Why is O&R proposing new rates for its electric and natural gas service?

O&R is seeking an increase in its electric and natural gas delivery rates to provide for the continued safe, reliable and secure operation of its electric and natural gas delivery systems.

What happens to this request now?

O&R’s request begins a year-long public review process in which the NYSPSC examines the company’s proposals. That review is managed by an administrative law judge who ensures the fairness and thoroughness of the process through to the final decision and vote by the New York State Public Service Commission NYSPSC.

How does today’s rate review request differ from others O&R has made in the past?

O&R’s request reflects the fundamental transformation electric and gas energy companies, particularly in New York State, are undergoing to build a cleaner, more resilient and affordable grid. The era of the power grid with centralized generation and one-way electric flow is transitioning to a more complex, interactive electric grid.

If approved, when will these rates become effective?

January 1, 2019



Electric Delivery Rates

How much of an increase is O&R asking for electric delivery?

O&R seeks an increase in revenues for electric delivery of $20.3 million.

How will this affect my bill?

The overall bill for a typical residential electric customer using a monthly average of 600 kWh would increase an average of about $6 per month, from $122.03 to $128.21.

How does the recently enacted federal corporate income tax changes affect these new proposed rates?

The revenue increases to fund both the electric and natural gas delivery proposals in the company’s request were mitigated by the recently enacted federal tax code changes that reduced O&R’s corporate income tax rate from 35 percent to 21 percent.

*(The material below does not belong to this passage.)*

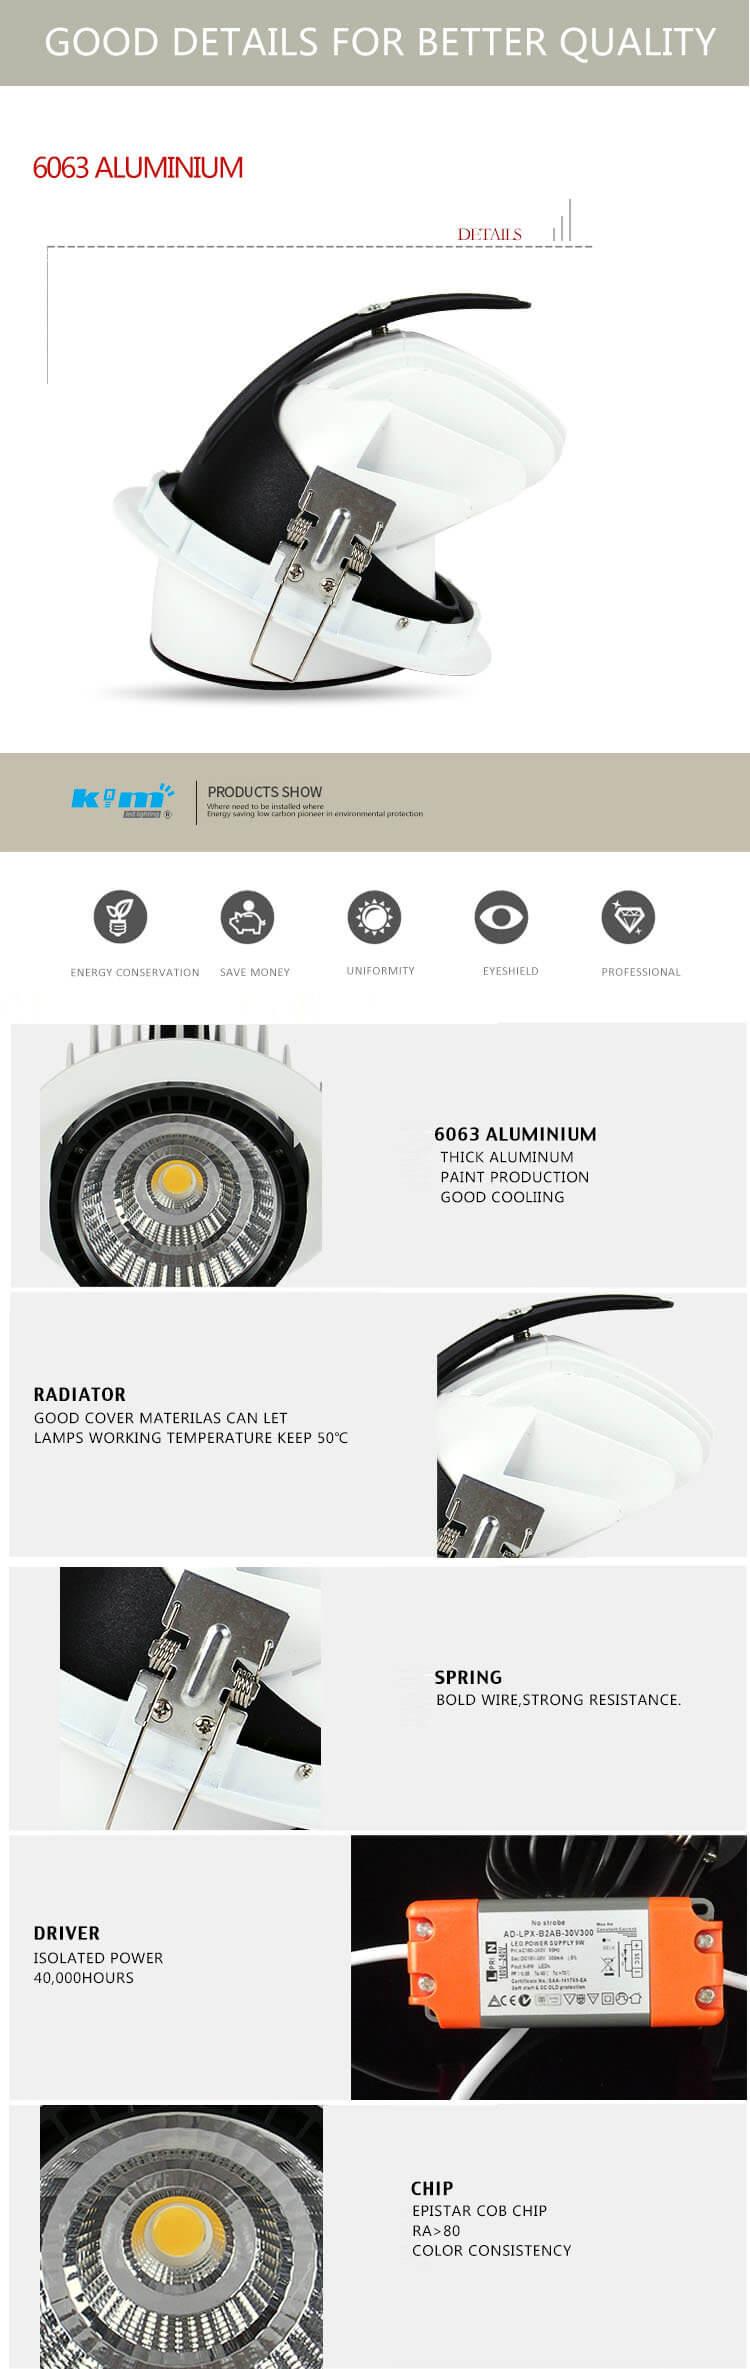 24degree led gimbal light

How about the current O&R electric and gas rates? O&R’s still collecting the federal corporate income taxes at 35 percent. When are we going to see that over-collection passed back to customers?

O&R will realize a tax savings under its current energy delivery rates from January 2018, the time the new federal corporate tax changes became effective, until January 2019 when new O&R energy delivery rates are due to go into effect. O&R will defer the federal corporate tax savings from that period as a customer benefit. The NYSPSC is expected to decide the amount, manner and timing of that customer benefit’s return to customers.

Does O&R have an alternative rate review proposal to the one-year proposal it has filed?

Although today’s filings are for one-year rate agreements for both electric and natural gas delivery service, O&R is open to explore multi-year rate plans in discussion with the NYSPSC’s Department of Public Service staff and other stakeholders. Multi-year rate plans benefit customers by providing certainty about the level of the company’s delivery rates over a number of years.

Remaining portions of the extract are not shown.